1. Initialize and load the HTML TO DOC class.
// Load library
include_once 'HtmlToDoc.class.php';
// Initialize class
$htd = new HTML_TO_DOC();
Choose the HTML text you want to convert.
$htmlContent = '
<h1>Hello World!</h1>
<p>This document is created from HTML.</p>';
To convert HTML to a Word document, use the createDoc() function.

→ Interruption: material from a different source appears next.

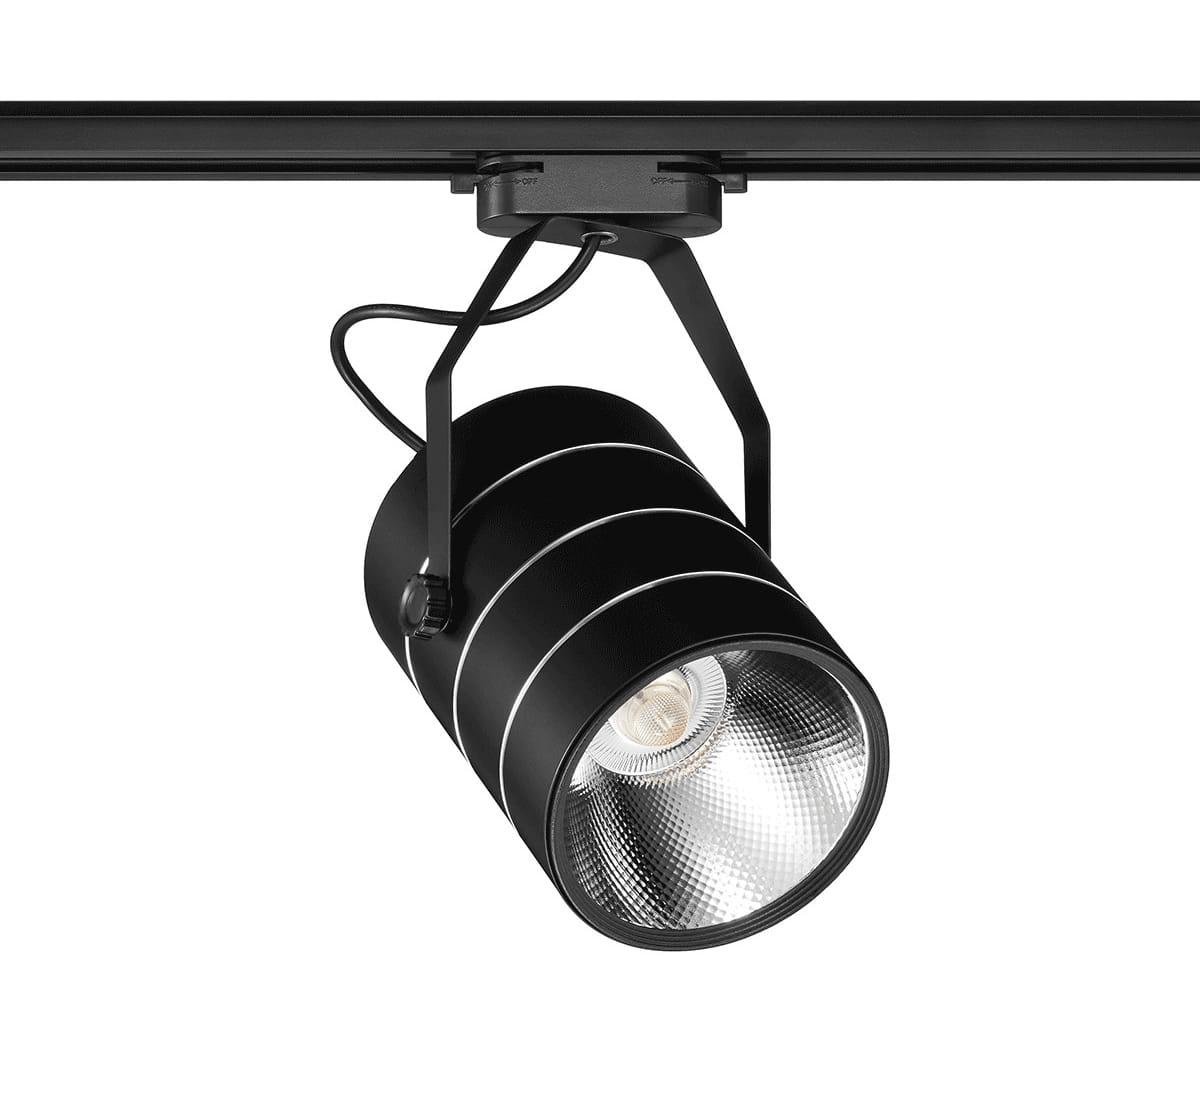 Lampa szynowa LED PREMIUM 30W 6000K ZIMNA CZARNA

$htmlContent is the variable that holds the HTML content.
To save the word file, type the name of the document (my-document).
$htd->createDoc($htmlContent, "my-document");
Download the following word document:
Set the third parameter of the createDoc() function to TRUE to download the word file.
$htd->createDoc($htmlContent, "my-document", 1);
From an HTML file, create a Word document
By giving the HTML file name, you can convert the HTML file content to a Word document.
$htd->createDoc("source.html", "my-document");
Format of a Word Document
If the file name supplied to the createDoc() method does not include an extension, it will be stored as a.doc file format by default. To save a word document in the.docx format, add an extension to the file name.
Note :
For HTML to Word conversion, there are a number of third-party libraries available. However, without the use of an external library, you may convert HTML text to a Word document using PHP. The HTML TO DOC class in PHP makes it simple to convert dynamic HTML content to Word documents and save/download them as.docx files. You can simply customise the HTML To Doc class to meet your own requirements.